Before you can determine if your organization could benefit from all-flash array storage, you must gather information about your workloads. Do your applications require more IOPS or throughput, or lower latency? Are they read-intensive or write-intensive? You may need to use tools to pinpoint performance bottlenecks and characterize data performance. And you need to understand that all-flash array storage operates differently from disk arrays.
Keep in mind that all-flash storage arrays are not all alike. Many systems have been built with specific applications or workloads in mind, and an all-flash storage array that will make one application run 100 times faster will not necessarily have a similar effect on other workloads. Applications that can take advantage of the deduplication and compression features in all-flash array (AFA) storage, such as virtualization apps, will be much more cost-effective than a system that deals with already compressed and unique data such as video files or real-time streams.
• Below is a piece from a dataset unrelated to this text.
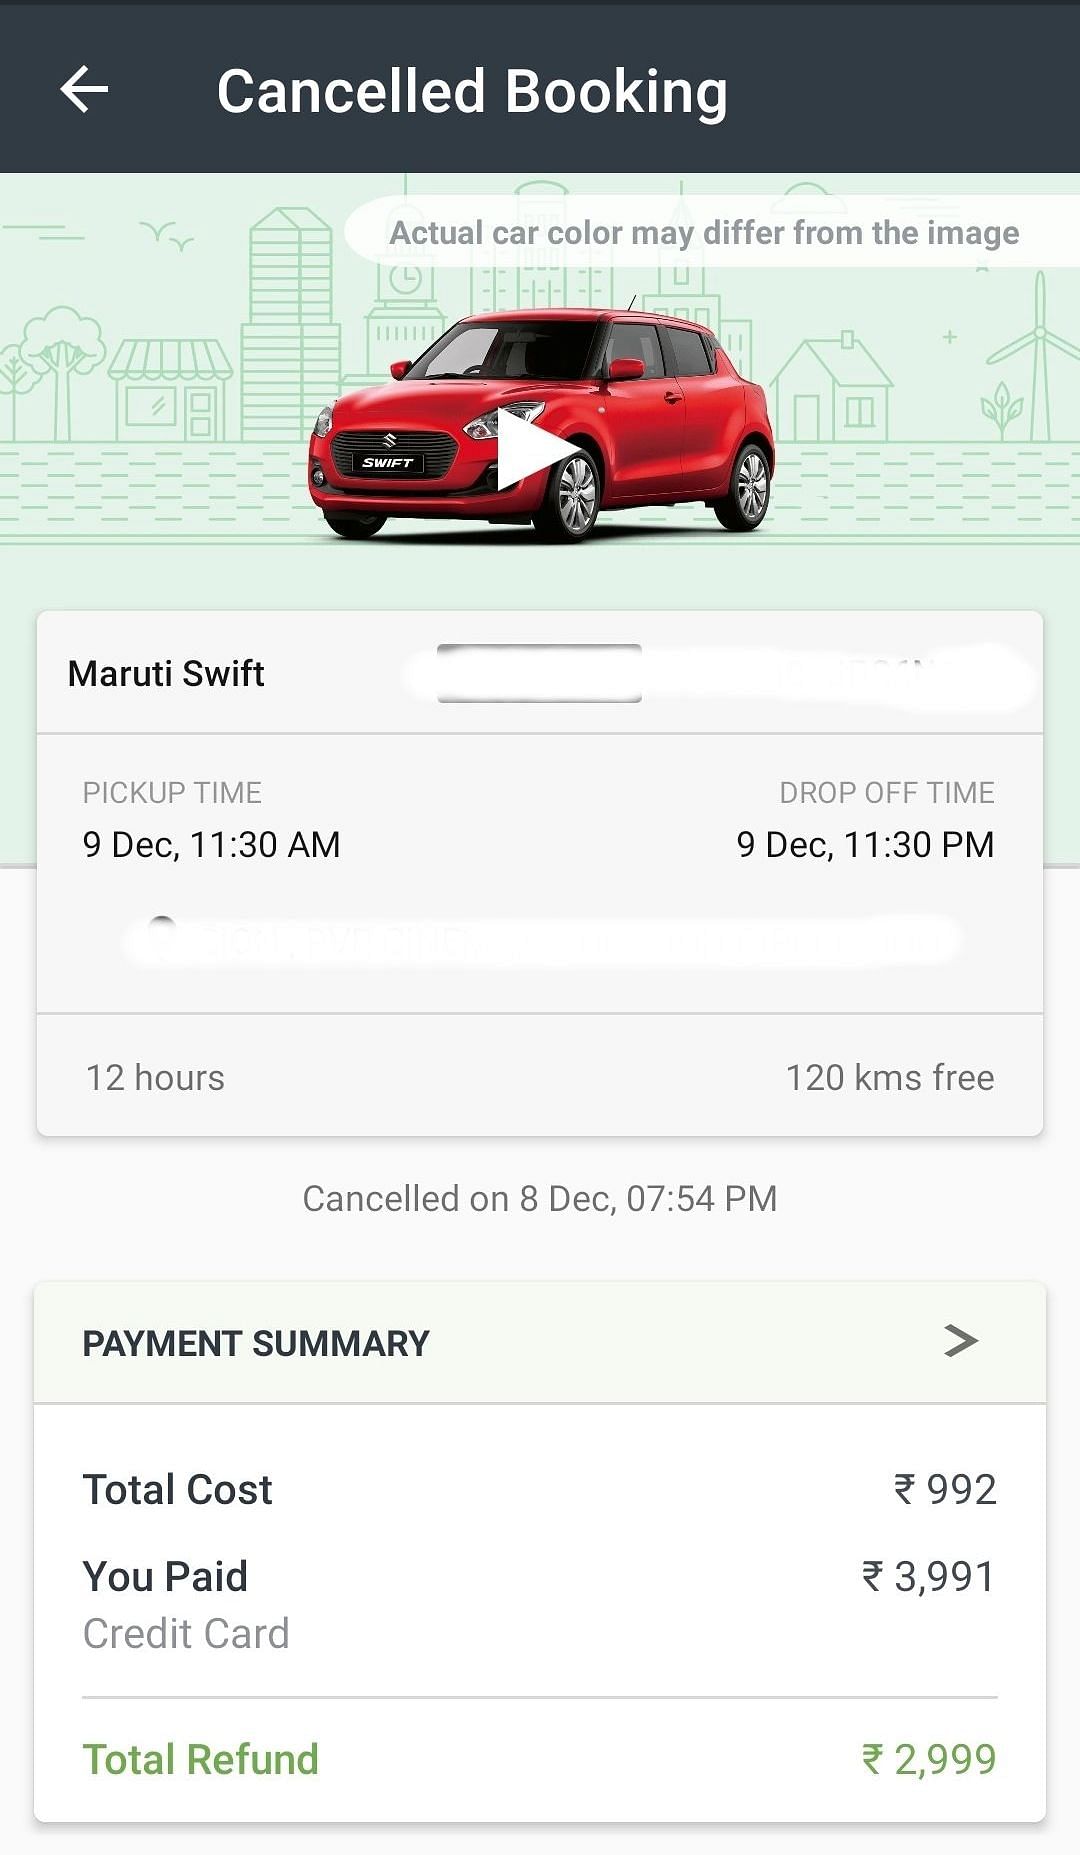 Tohid Shaikh, from Mumbai, has been trying to get a refund on the deposit made to Zoomcar since December 2020.

How do HDDs compare to SSDs?
HDDs in storage systems can cause performance bottlenecks for applications. For example, the time needed to move the read/write head from one position to another on the disk to read information causes a relatively large gap between the minimum, average and maximum times required to access information. In addition, reading large amounts of data from the innermost tracks on a disk takes longer than from the outermost tracks because the number of bits passing under the head each millisecond varies with the position on the disk.
Solid-state drives (SSDs) have much smaller variations between minimum, average and maximum latency on reads. This makes them ideal for read-intensive applications. SSDs are also fast enough to enable real-time deduplication. This helps applications that use many similar disk images, including both server virtualization and virtual desktop infrastructure (VDI). Because most of the millions of files in a typical Microsoft Windows or Linux OS installation are the same from system to system, a hundred virtual OSes will take up little more space than just one file.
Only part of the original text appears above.